START Collected material

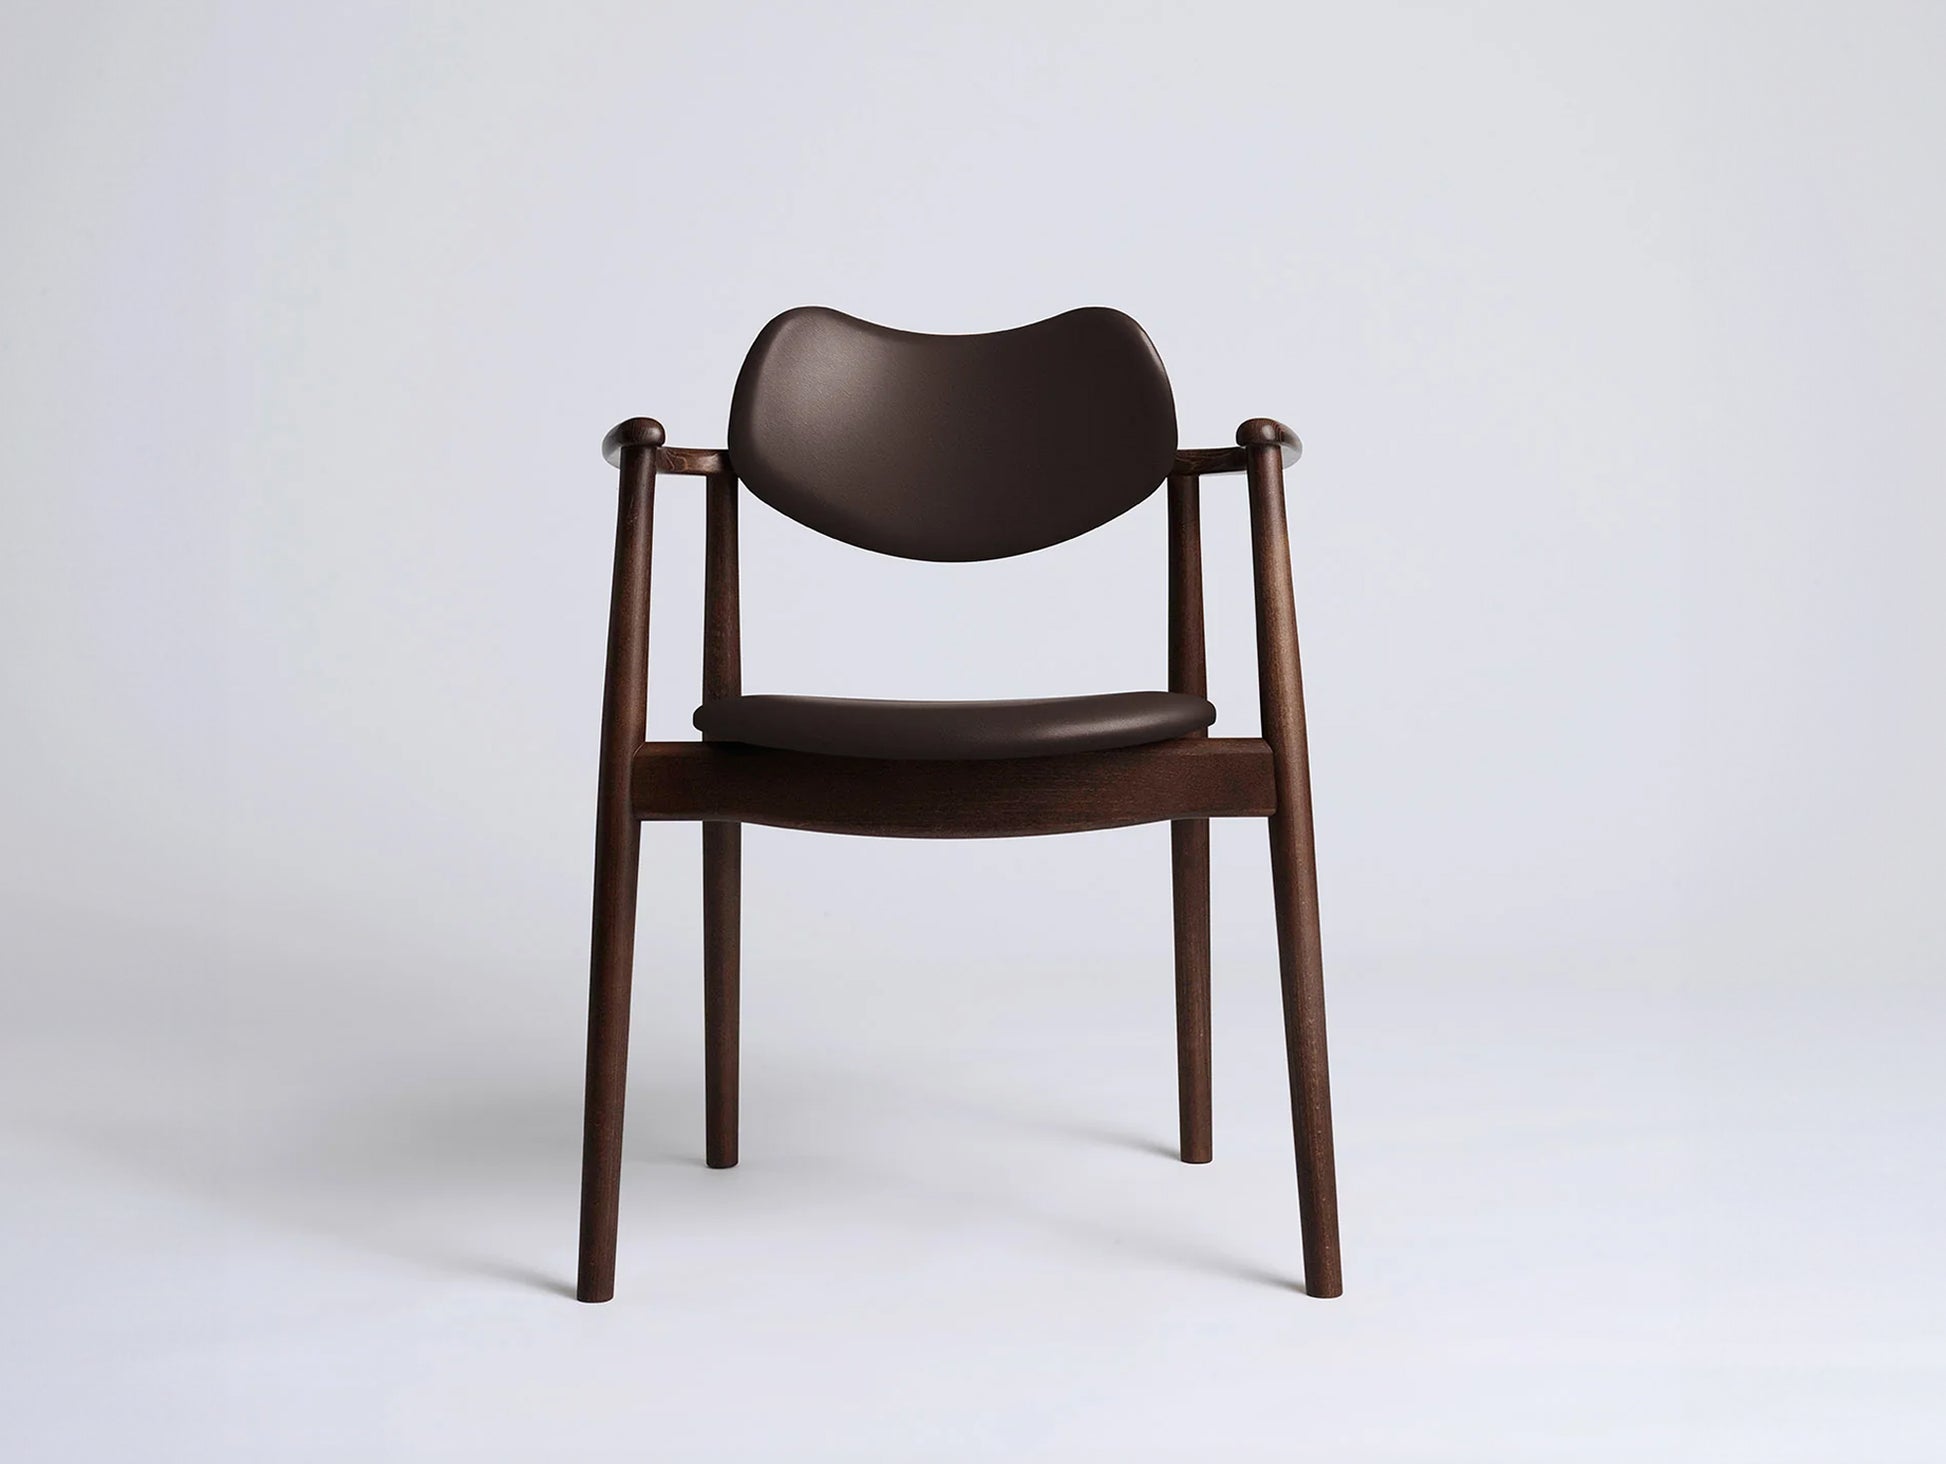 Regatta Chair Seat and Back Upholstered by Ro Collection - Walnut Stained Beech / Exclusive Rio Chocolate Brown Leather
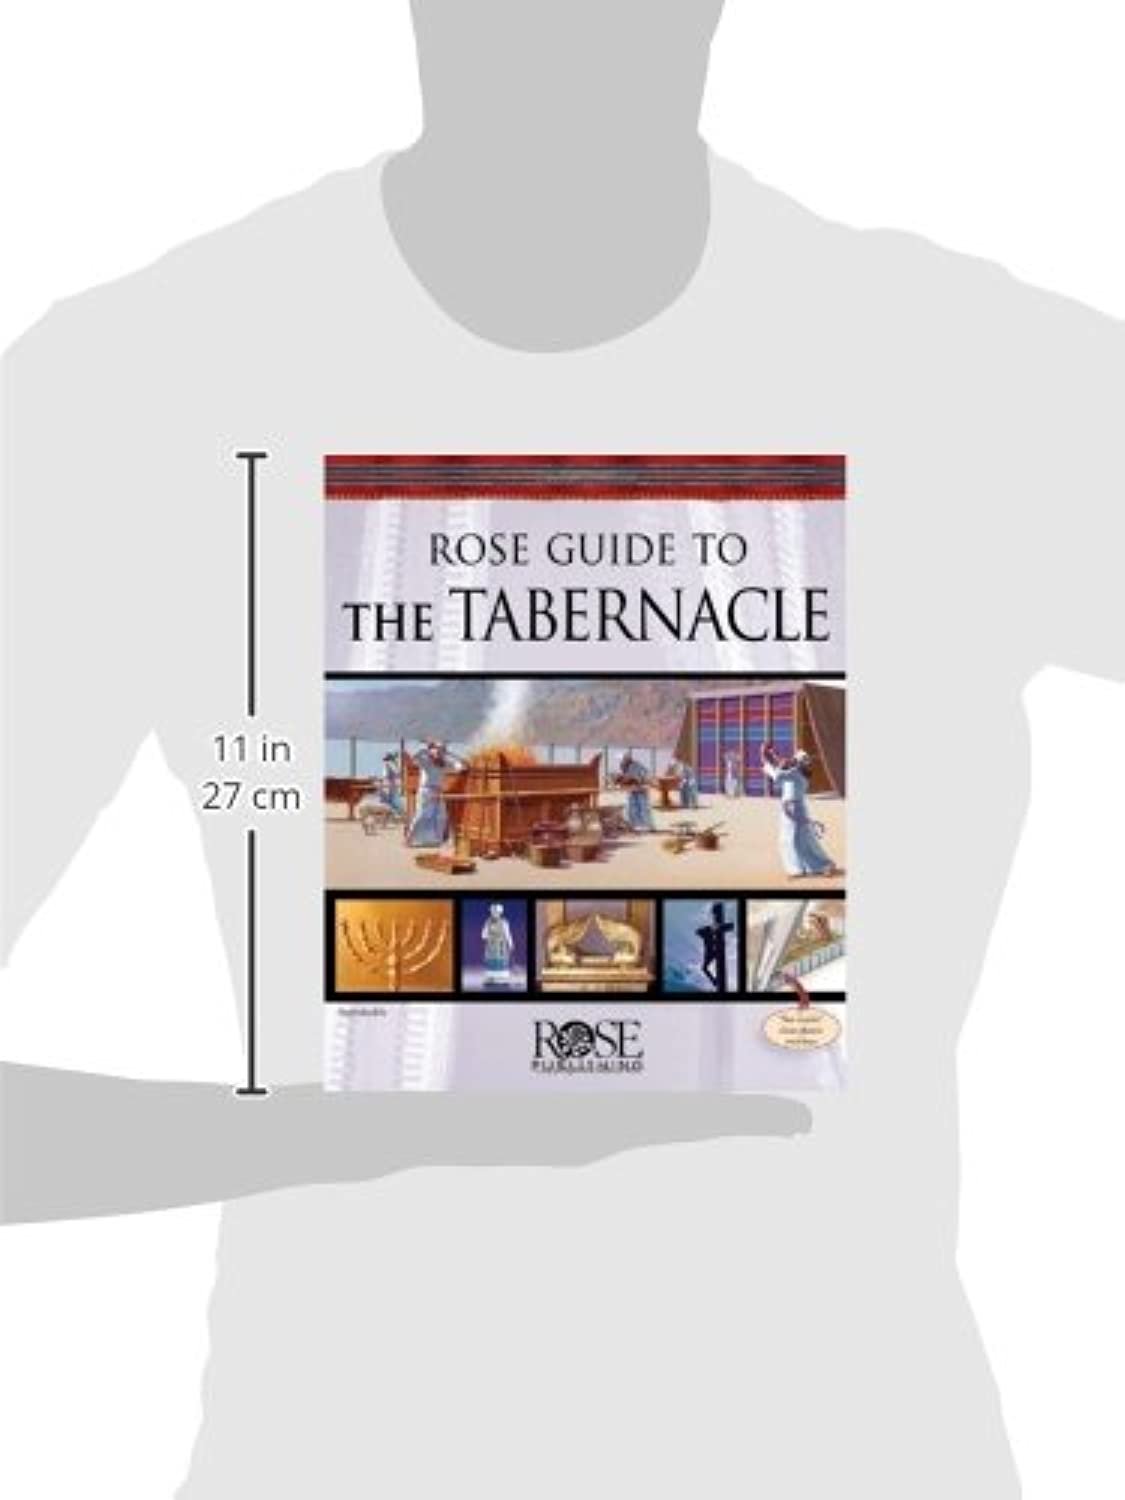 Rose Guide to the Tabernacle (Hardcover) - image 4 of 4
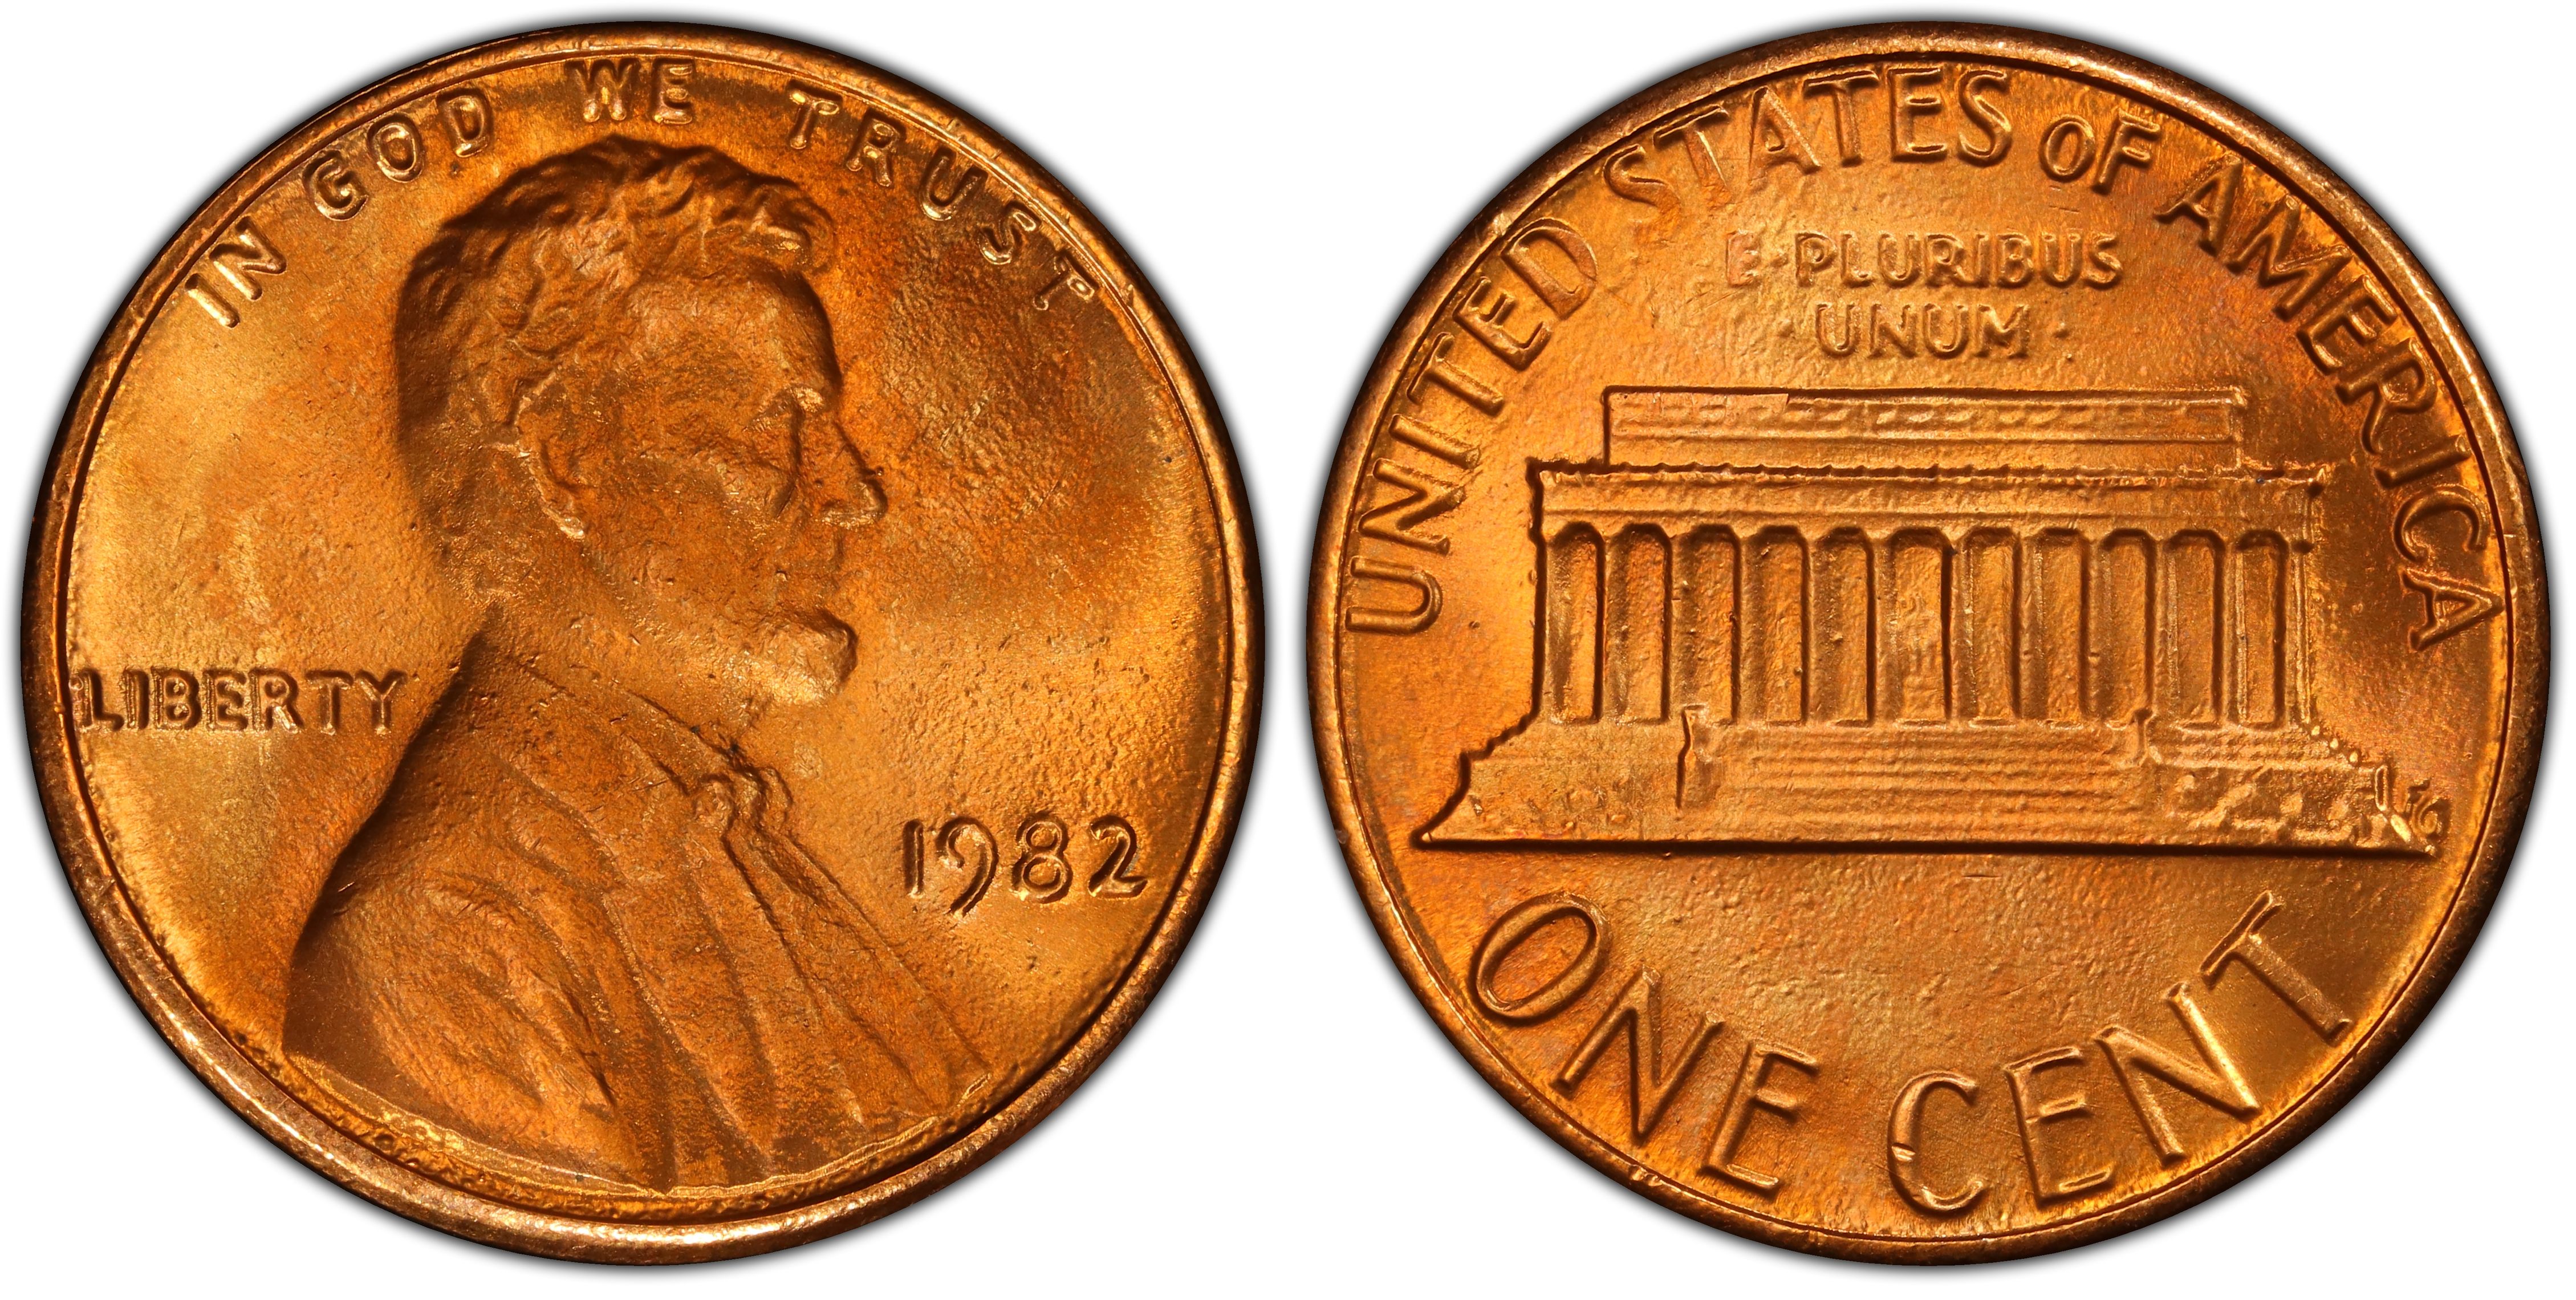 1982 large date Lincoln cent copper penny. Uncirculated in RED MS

END Collected material

__Task description__: Repeat all the data as it stands, dropping any images it holds.

__Task response__:
 Regatta Chair Seat and Back Upholstered by Ro Collection - Walnut Stained Beech / Exclusive Rio Chocolate Brown Leather
 Rose Guide to the Tabernacle (Hardcover) - image 4 of 4
 1982 large date Lincoln cent copper penny. Uncirculated in RED MS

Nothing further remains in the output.